# What is the Law of Diminishing Marginal Product?

//What is the Law of Diminishing Marginal Product?
What is the Law of Diminishing Marginal Product? 2017-10-05T05:38:32+00:00

Definition: The Law of Diminishing Marginal Product is the economic concept shows increasing one production variable while keeping everything else the same will initially increase overall production but will generate less returns the more that variable is increased. In other words, increasing one factor of production while keeping everything else the same will not be productive past a certain point.

## What Does Law of Diminishing Marginal Product Mean?

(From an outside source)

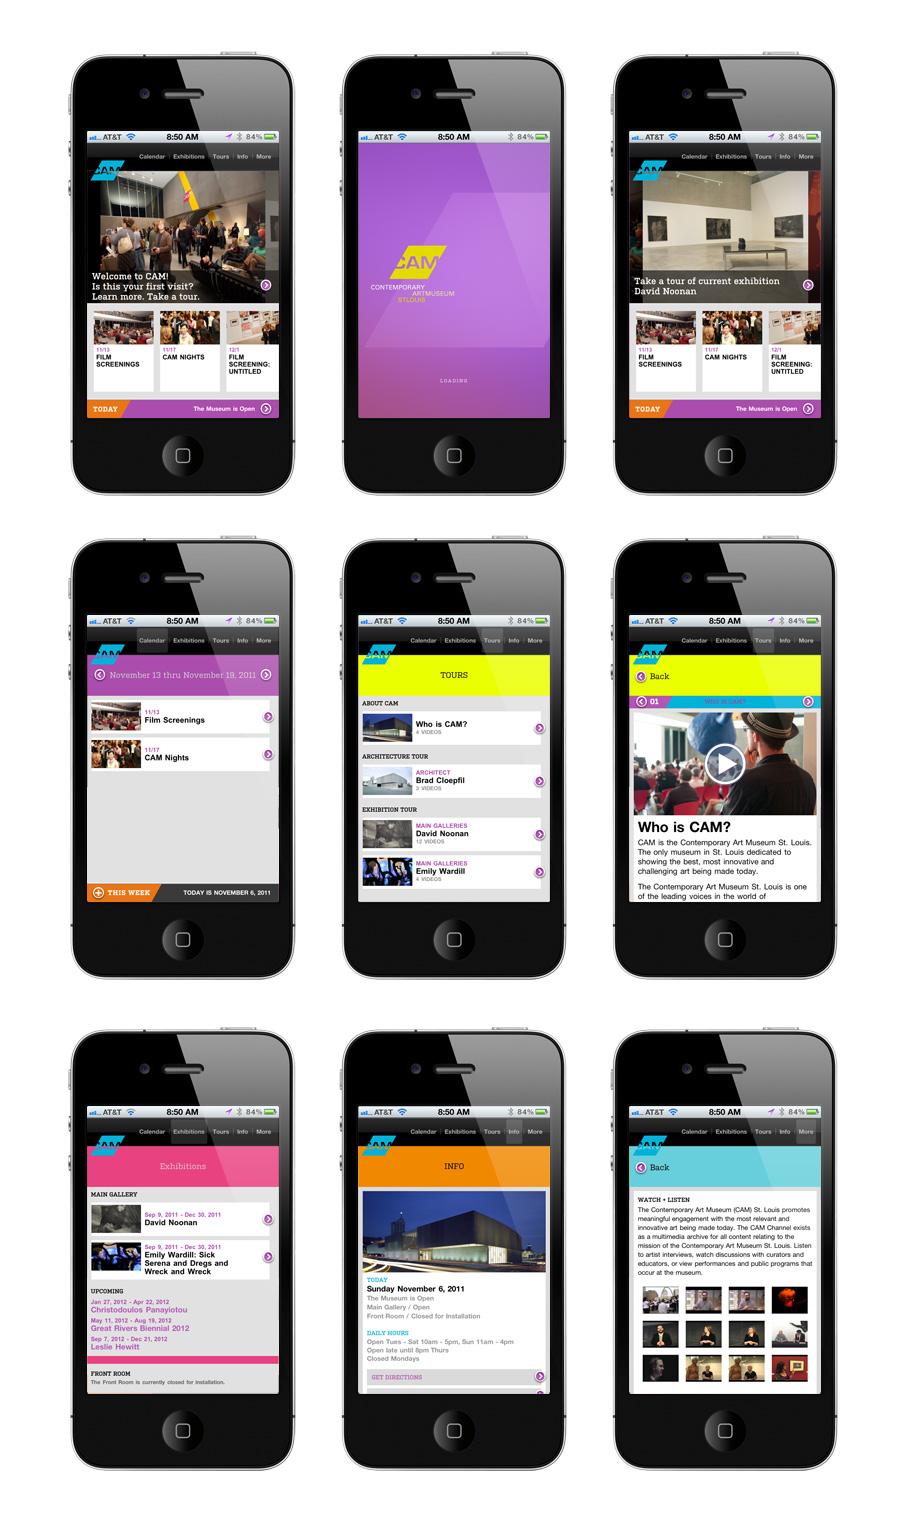 iphone museum tour app

This affects all businesses that use inputs to create an output: think software, manufacturing, and service companies. This phenomenon means that a company cannot just use the maximum labor or machinery that it can afford, because that will not be efficient. In order to be as cost-efficient as possible, a producer needs to know when DMP starts to affect their business.

Let’s look at an example.

## Example

Alice is the COO of a large manufacturing company that creates bottles using only machinery. Her company is creating a new plant, and Alice has to decide the ideal number of machines for their production goals. She keeps a detailed record of which machines she will buy, and how they affect production. However, one day she notices something weird: production has actually been going down while she’s added machinery. How could this be?

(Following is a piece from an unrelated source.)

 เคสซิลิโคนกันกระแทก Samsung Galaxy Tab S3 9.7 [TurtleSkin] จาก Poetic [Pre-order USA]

She looks through her record, and sees the following: the first machine added 20 bottles, the second machine added 13 bottles, and the third machine added 6 bottles, for a total production of 39 bottles. However, when the fourth and fifth machines were added, total production dropped to 38 bottles, and then 31 bottles. She looks out to the factory floor, and sees that some machines are not using any materials, and are idle because there are too few people to service all of the machines.

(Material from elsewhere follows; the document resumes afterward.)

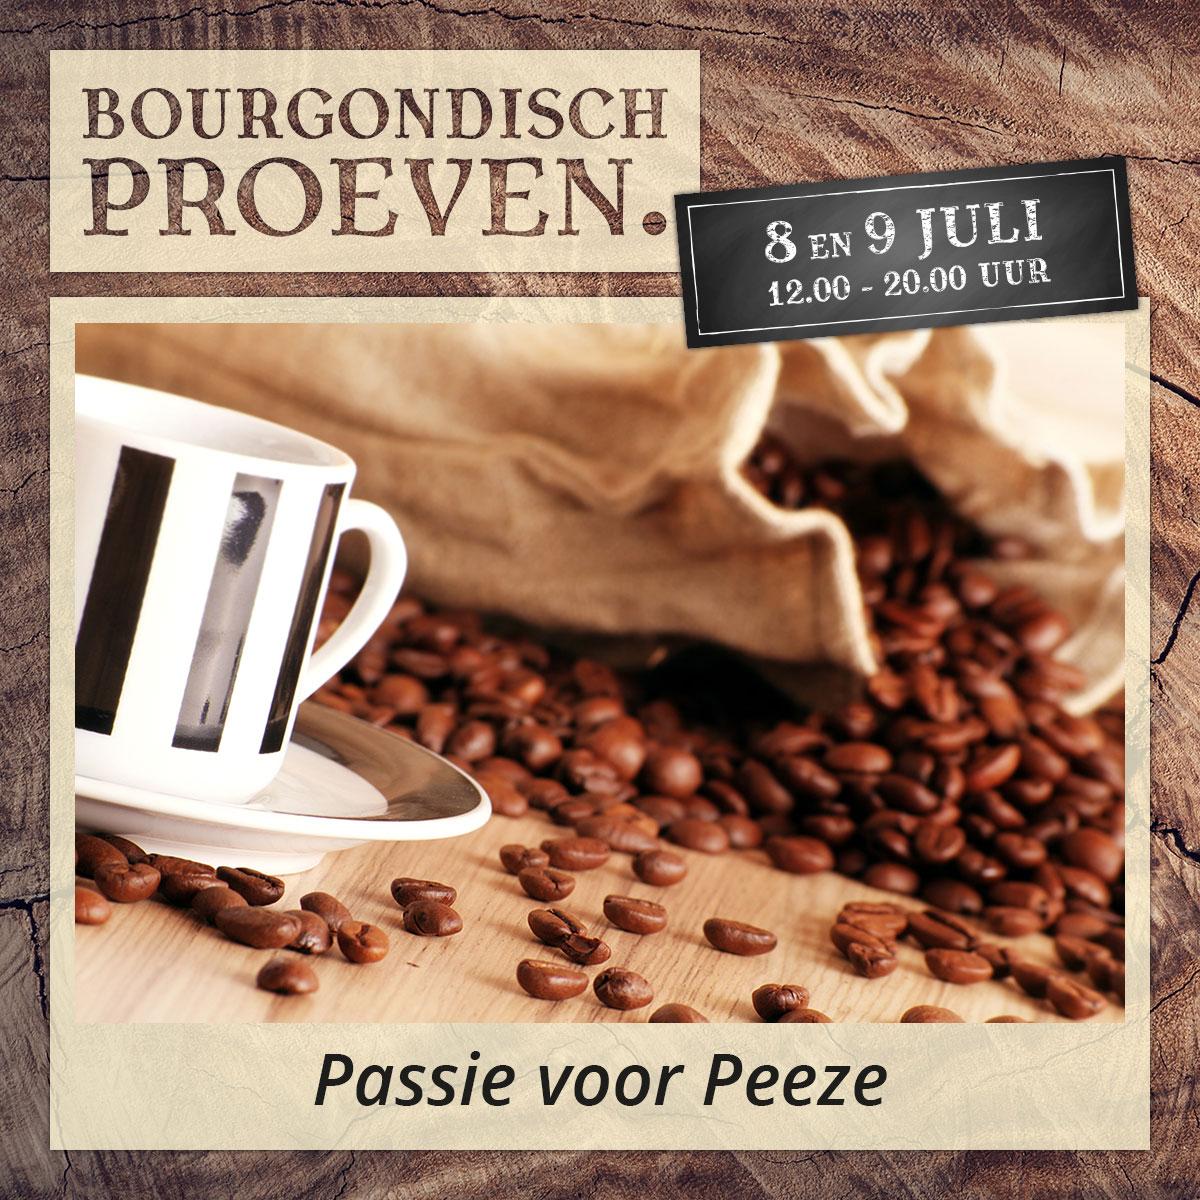 De Bourgondiër – Bourgondisch Proeven. – Facebookbericht – Passie-voor-Peeze

This decrease in production from each additional or “marginal” machine shows that there is an optimal number of machines in the production process. If there are too few machines, things will run slowly. If there are too many machines, the factory will run out of space or time to service them and production will run equally as slowly. Instead of filling the new plant with extra machines, Alice should look into hiring more workers or building a bigger facility to increase production.